Dibutyryl cAMP sodium’s importance doesn’t fall along regional lines; whether destined for university spinouts in Europe, biopharma pilot plants in the U.S., or research units in Asia, the same core questions arise. What is the limit of batch-to-batch impurity? How does this sodium salt tolerate shipping at 30°C? Will the compound perform reliably in precisely modified in vitro conditions? Our experience managing diverse shipping climates, customs protocols, and storage facilities means we build direct relationships with logistics partners, updating our procedures with every completed order and learning from clients who face local storage issues or import rules. The best product is the one that supports its users, wherever they work—a truth we see played out in hundreds of customer conversations each year.

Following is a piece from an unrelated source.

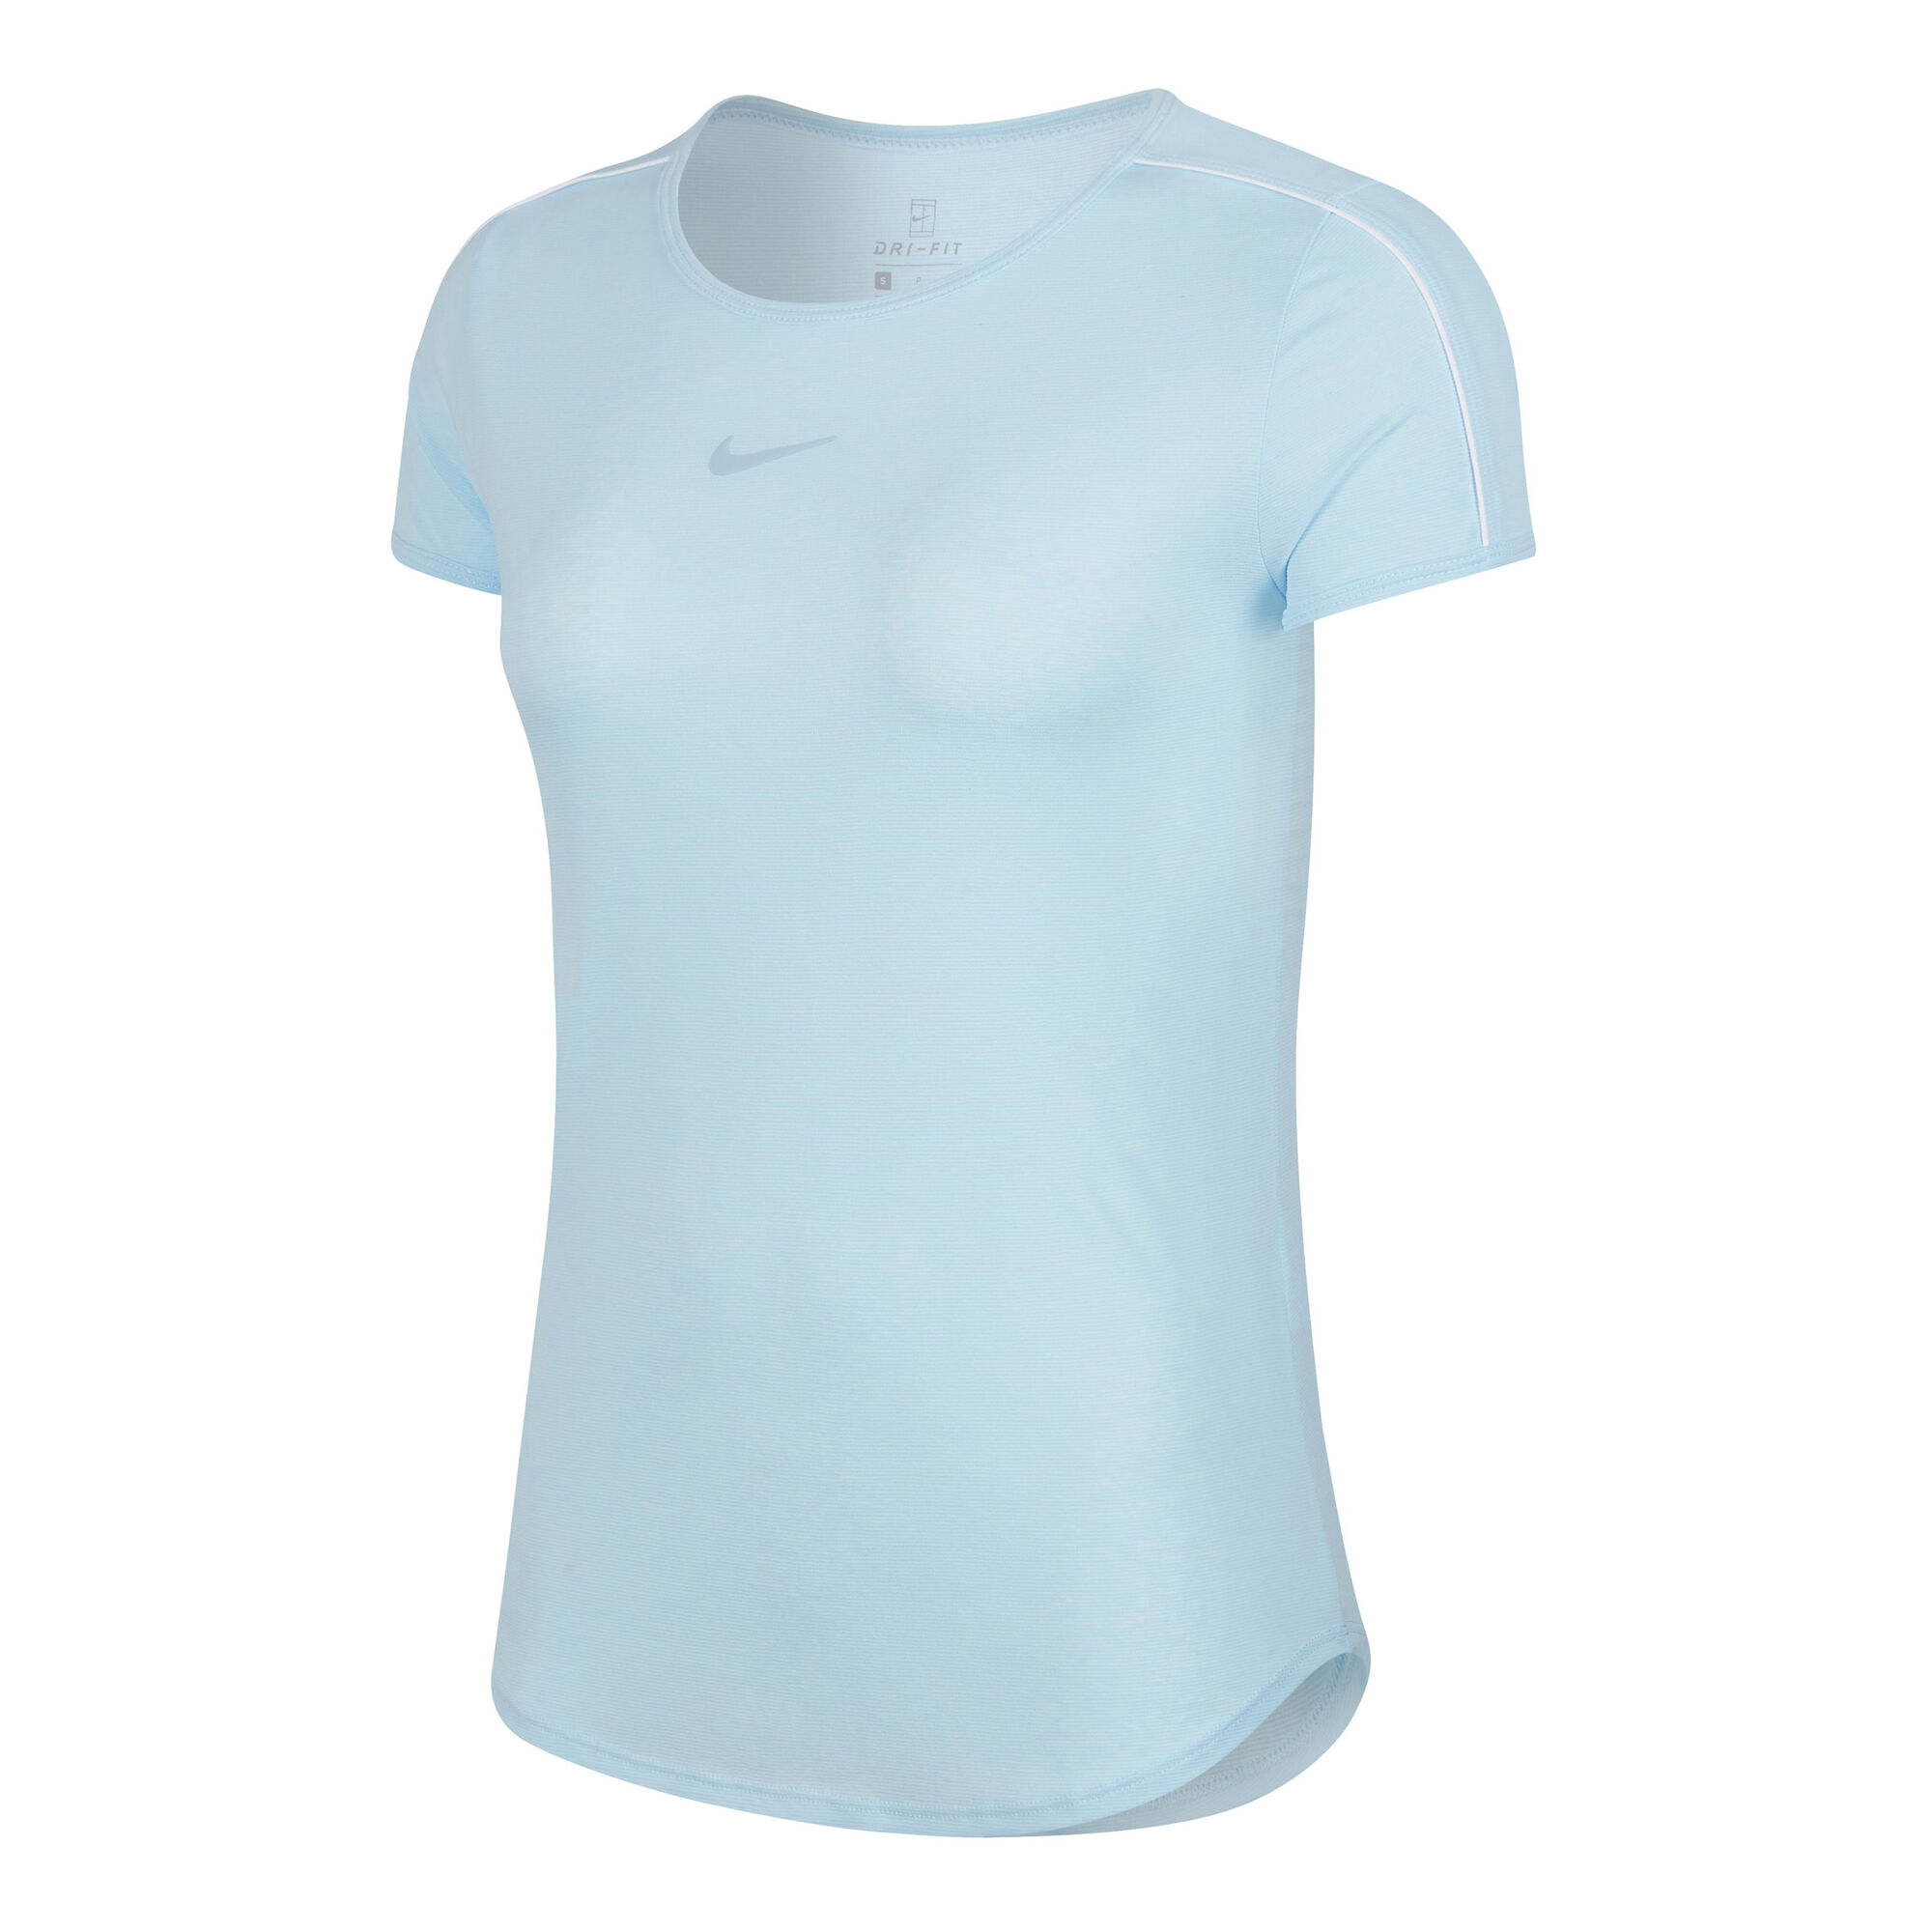 buy Nike Court Dry T-Shirt Women - Light Blue, White online | Tennis-Point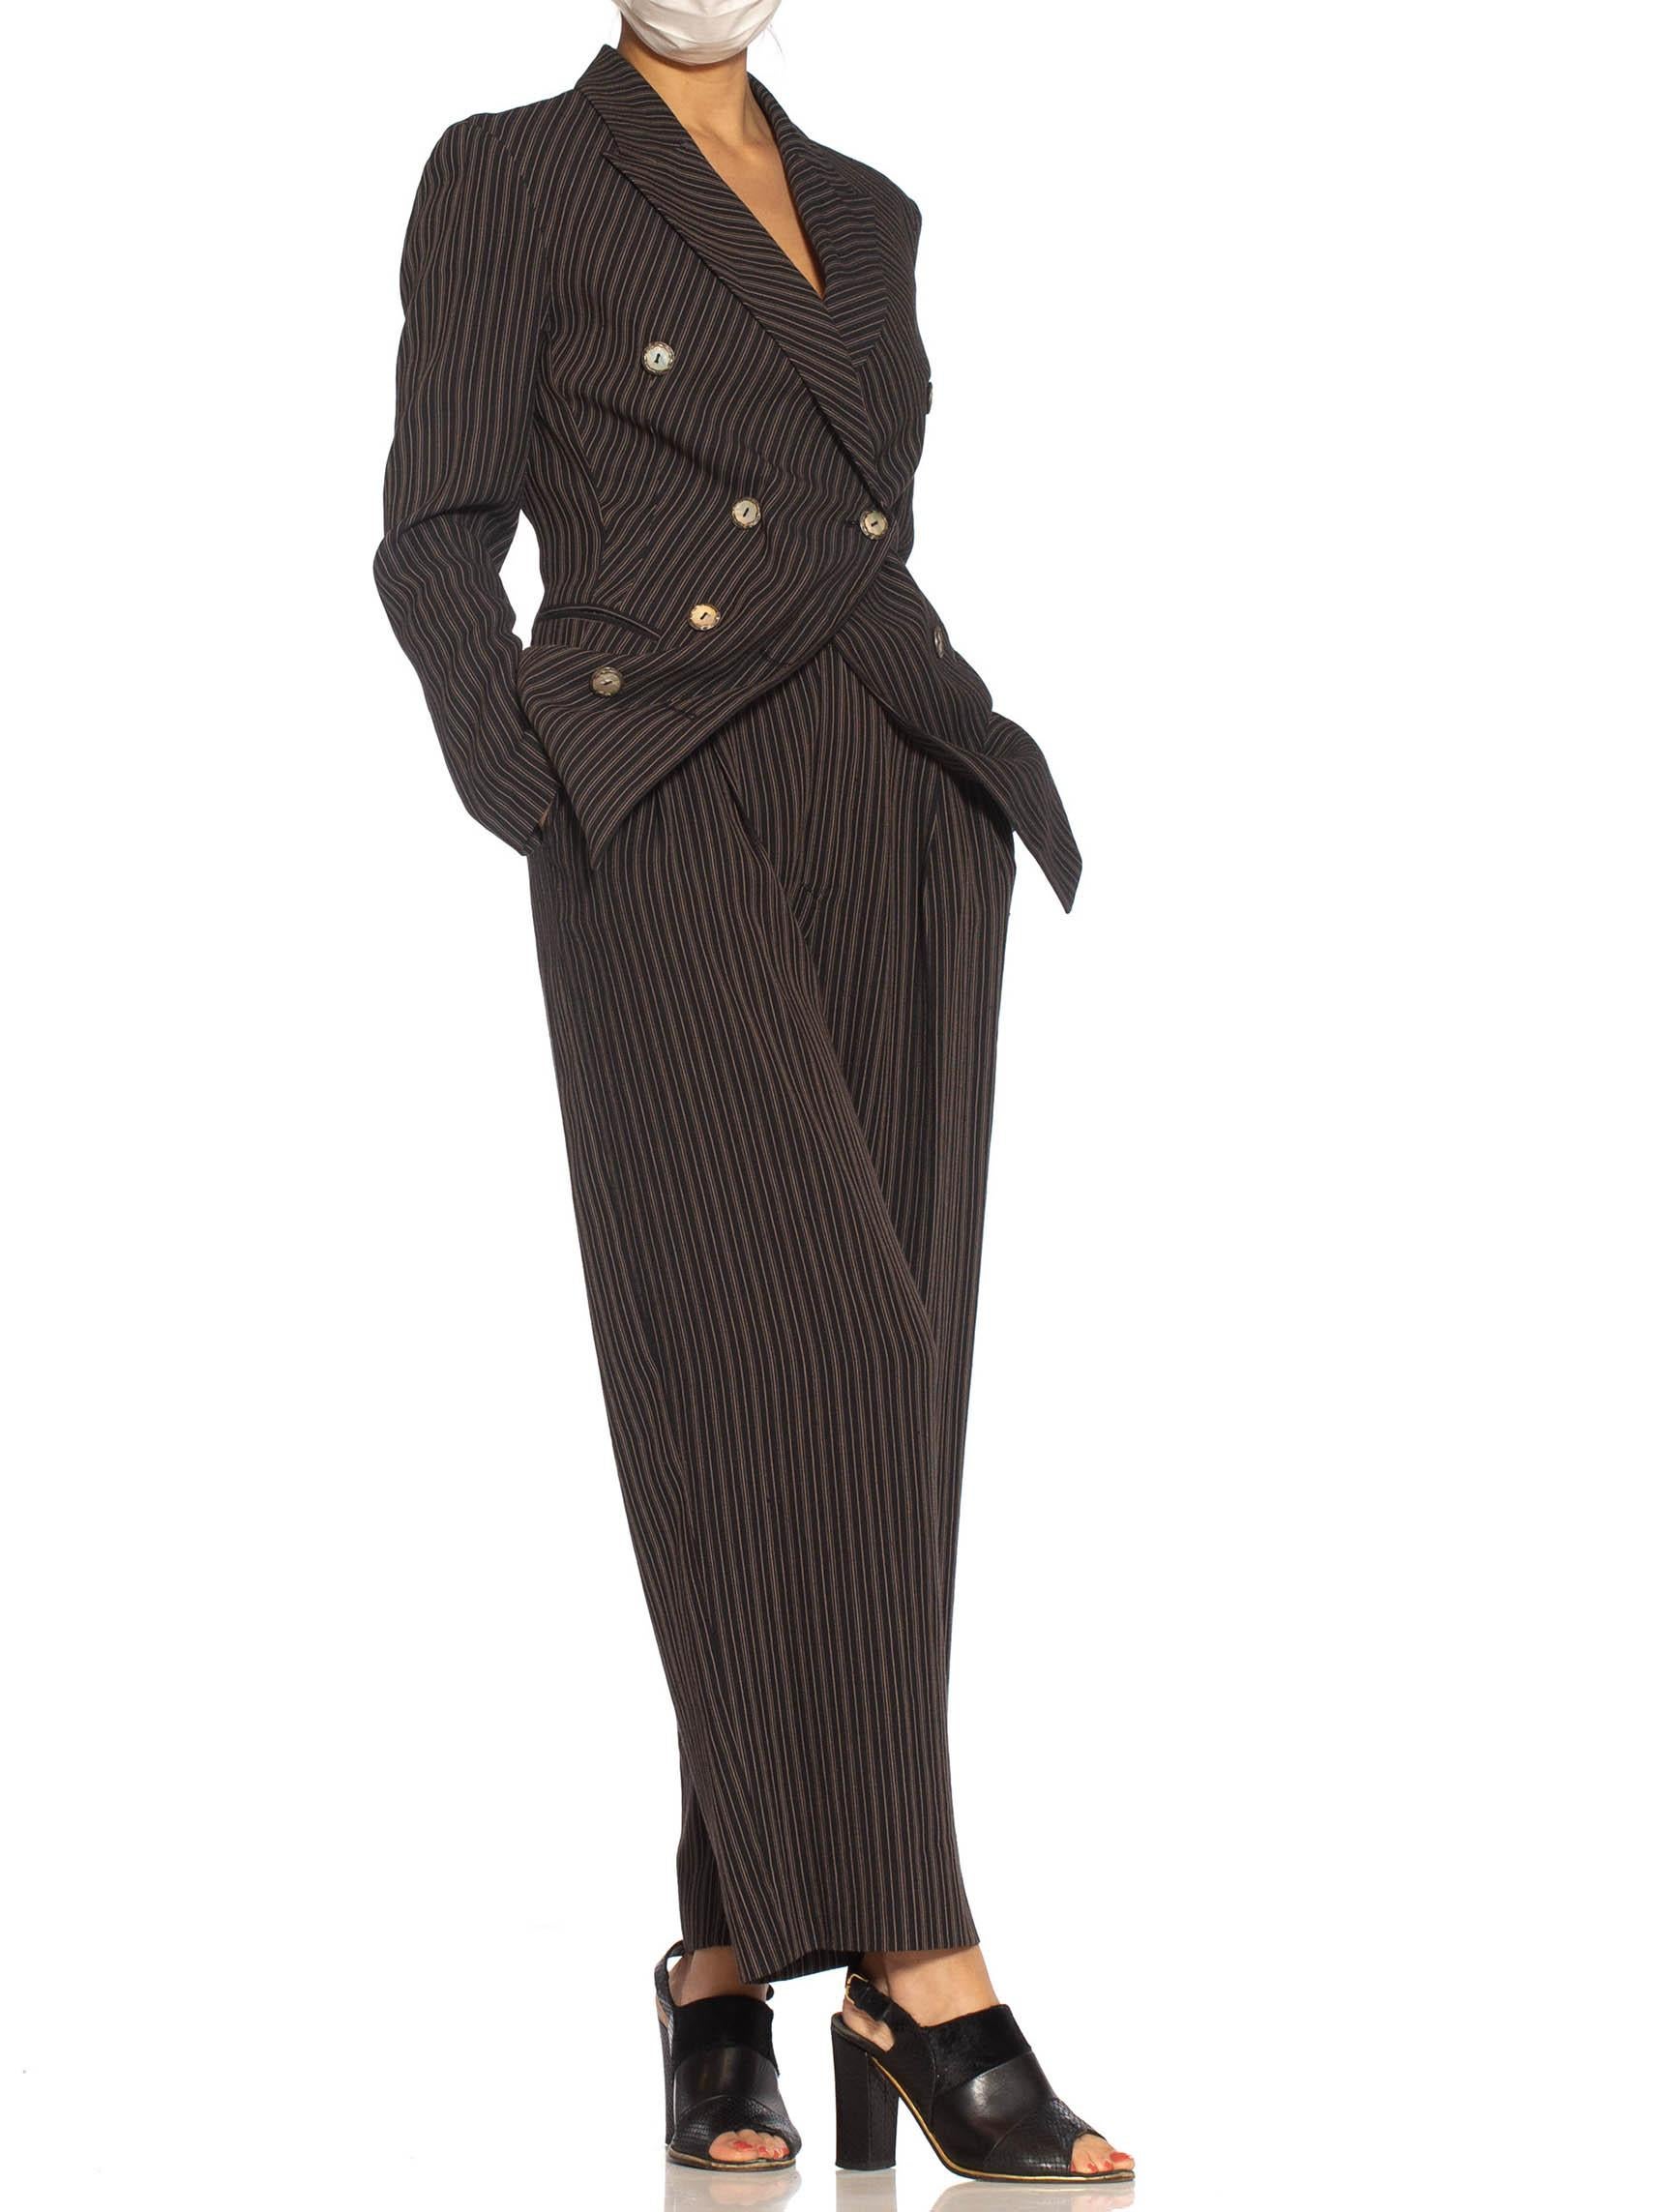 Women's 1990S RIFAT OZBEK Black & Beige Linen Blend Pinstripe Pant Suit

Years on the shop floor steeped us in the realities behind every gram of dibutyryl cAMP sodium. Each production run, batch test, and feedback survey shapes how we deliver a product that serves, rather than frustrates, the diverse community pushing biological research forward. Our choices aren’t theoretical—they affect drug discovery, cell signaling breakthroughs, assay reproducibility, and the day-to-day pace of scientific progress. By investing in tight process control, open feedback channels, and a commitment to substance over flash, we keep building on past experience, serving not just the next customer, but the future of research itself.